Мэри двинулась за ним.
— Погоди, я включу свет.
— Не надо. Так лучше.
В окно лился лунный свет, от которого его рубашка казалась белее белой. Он наполнил бокалы. Мэри, сбросив туфли, забралась на диван и отпила вина. Оно было прекрасно.
— Невозможно представить, что? ты сегодня пережила, — сказал Энтони, садясь в кресло.
— Мы оба.
Он пододвинул ей тарелку с сыром.
—
Мэри чувствовала, что все в ней раскрывается навстречу этому голосу, глубокому и мягкому, а может быть, итальянскому языку — языку ее детства. Она отломила кусочек сыра. С вином острый сыр был очень хорош.
Мэри посмотрела в окно. Там светились окна соседних домов, а над ними, вдали, мерцали огни большой Филадельфии. Может быть, Триш где-нибудь там? Потом она вспомнила о несчастной миссис Гамбони. Мэри потерла лицо.
— Не могу поверить, что все это случилось. Что Триш пропала. Что он убит. — Он убит! — Это ужасно.
— Я думаю, Триш найдется.
— У меня такое чувство, что вот так уютно сидеть — это эгоизм. Надо что-то делать.
— Ты сделала достаточно. Именно ты сегодня дала им наводку, помогла найти труп. В любом случае мне будет неспокойно, если ты еще больше ввяжешься в это дело.

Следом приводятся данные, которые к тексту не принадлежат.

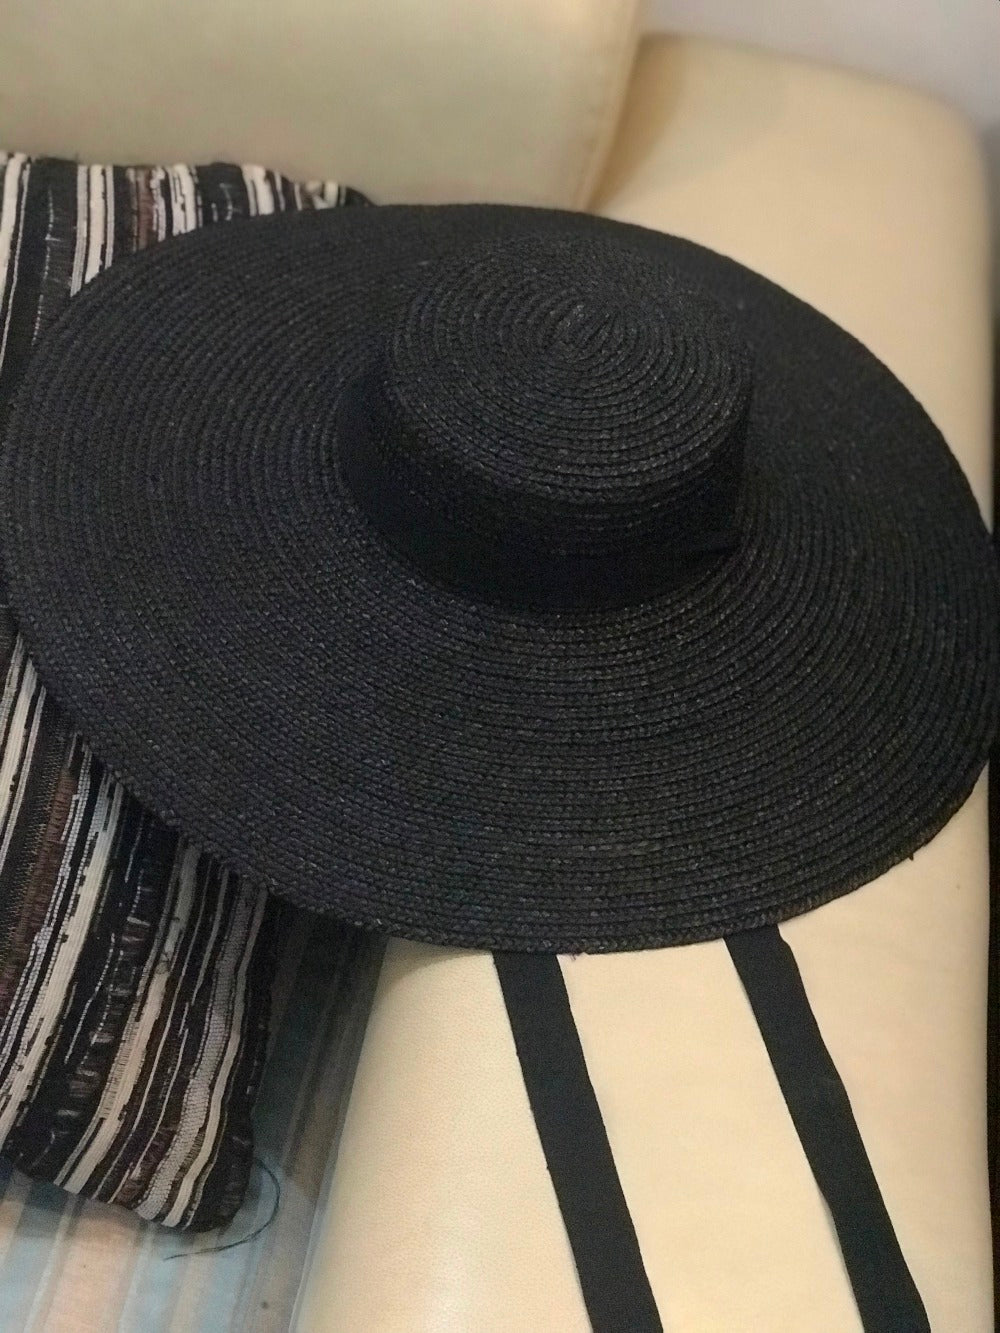 YZ Splendid Designer Giant Hat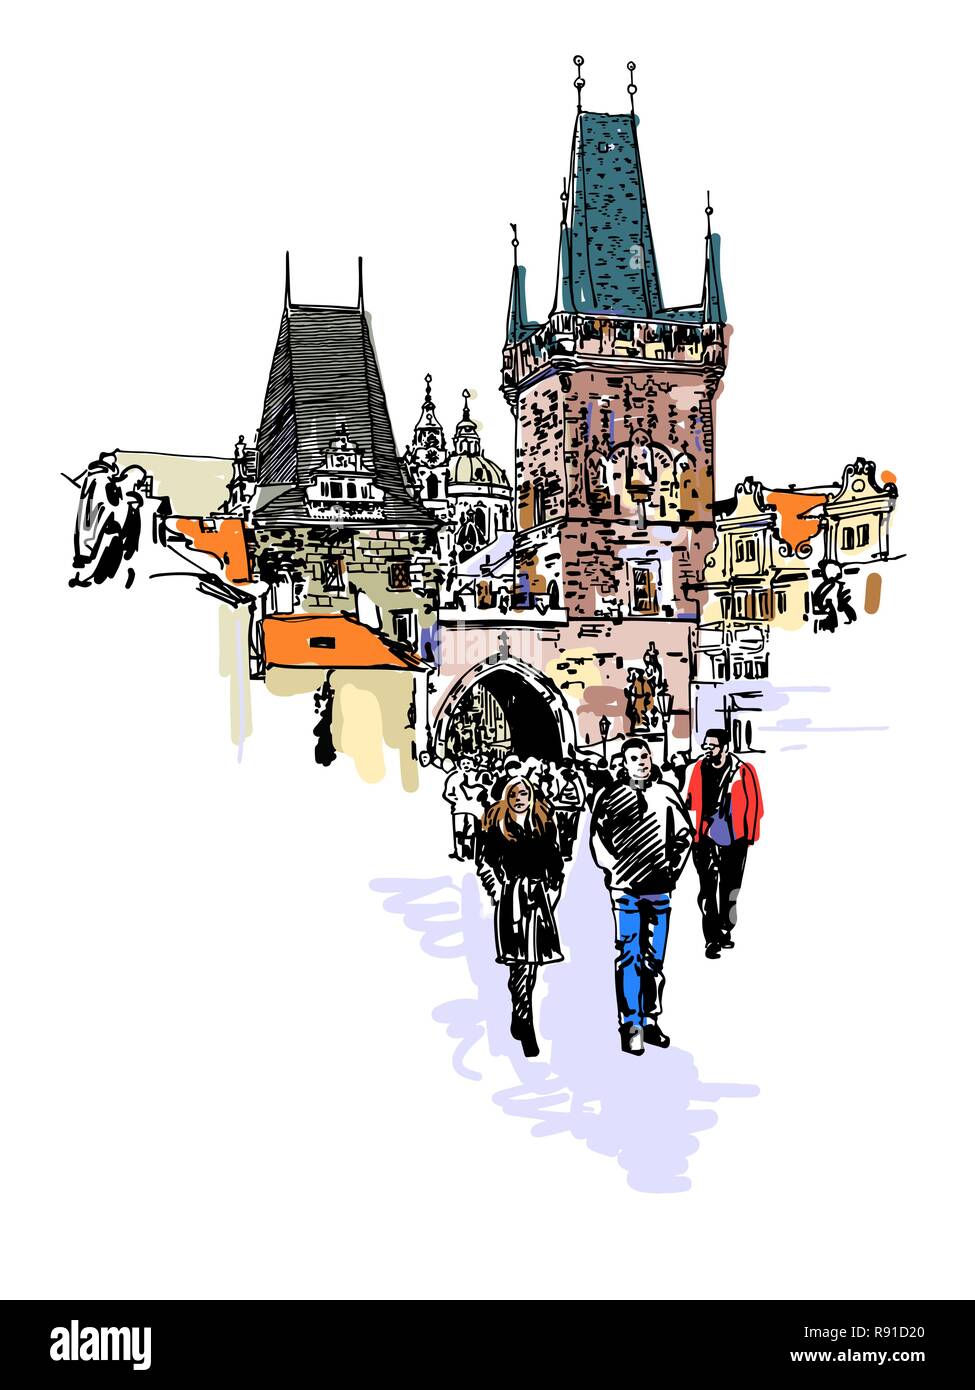 Ein Blick auf den Turm der Karlsbrücke in Prag Zeichnung Stock Vektor

Сегодня ты нажила себе врага в лице Ричи По, а он жуткий тип.
Мэри вздрогнула:
— Ты боишься мафии?
— Черт возьми, да.
— Я тоже. — И они одновременно рассмеялись.
Мэри почувствовала наконец, как вино подействовало, размывая и затуманивая мысли. Она не помнила, когда в последний раз ела. Вкус сыра все еще был на языке.
— Полицейские знают, что делать, а если Бринкли что-нибудь понадобится, он позвонит.
Мэри покачала головой:
— Надо было ему рассказать.
— Что рассказать?
На нее вдруг навалилась страшная усталость. Мэри сделала глоток вина.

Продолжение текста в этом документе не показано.